Please merge this because it's amazing on x86 with longer context. I tried generating 1500 tokens with the 7B model ( --ignore-eos -c 2048 -n 1500). On the master branch the generation took 1385 seconds. On the flash-attn branch it took 200 seconds.
~~Strange, when comparing #775 to this I noticed a regression in the time it took to generate 1024 tokens. #775~~
llama_print_timings: load time = 2776.69 ms
llama_print_timings: sample time = 801.28 ms / 1024 runs ( 0.78 ms per run)

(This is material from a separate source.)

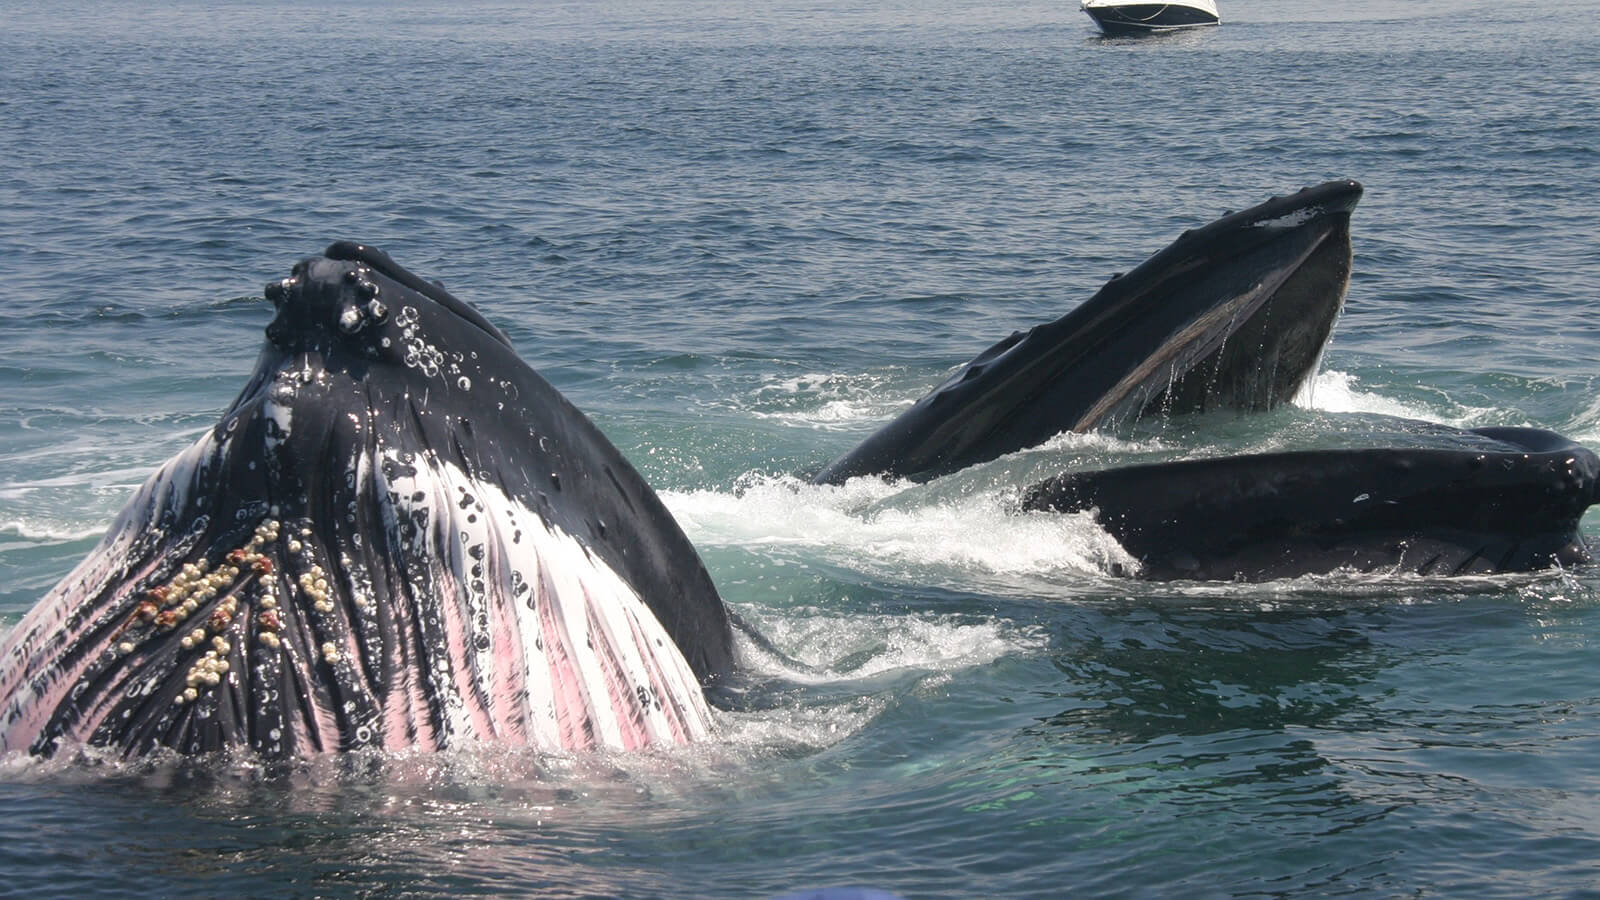 two whales feed at the water's surface

llama_print_timings: prompt eval time = 1912.48 ms / 14 tokens ( 136.61 ms per token)
llama_print_timings: eval time = 189655.06 ms / 1023 runs ( 185.39 ms per run)
llama_print_timings: total time = 193245.67 ms
#778 + #775 (fluke)
llama_print_timings: load time = 2745.93 ms
llama_print_timings: sample time = 814.02 ms / 1024 runs ( 0.79 ms per run)
llama_print_timings: prompt eval time = 1880.81 ms / 14 tokens ( 134.34 ms per token)
llama_print_timings: eval time = 250896.90 ms / 1023 runs ( 245.26 ms per run)
llama_print_timings: total time = 254470.03 ms
Please merge this because it's amazing on x86 with longer context. I tried generating 1500 tokens with the 7B model ( --ignore-eos -c 2048 -n 1500). On the master branch the generation took 1385 seconds. On the flash-attn branch it took 200 seconds.
~~Are you certain that uplift isn't a result of #775? If you cloned the flash-attn branch it included that commit.~~
Edit: Will run some more tests just to make sure this isn't coincidental for my machine. Edit2: It was a fluke. Re-running again on this PR and I got a slightly better result now.
llama_print_timings: load time = 2875.85 ms
llama_print_timings: sample time = 802.98 ms / 1024 runs ( 0.78 ms per run)
llama_print_timings: prompt eval time = 1938.22 ms / 14 tokens ( 138.44 ms per token)
llama_print_timings: eval time = 180435.09 ms / 1023 runs ( 176.38 ms per run)
llama_print_timings: total time = 184126.72 ms
Alright, #775 clearly contributed to the results I got. I pulled master again with #775 already merged and now I'm getting:
llama_print_timings: load time = 928.29 ms
llama_print_timings: sample time = 859.52 ms / 1500 runs ( 0.57 ms per run)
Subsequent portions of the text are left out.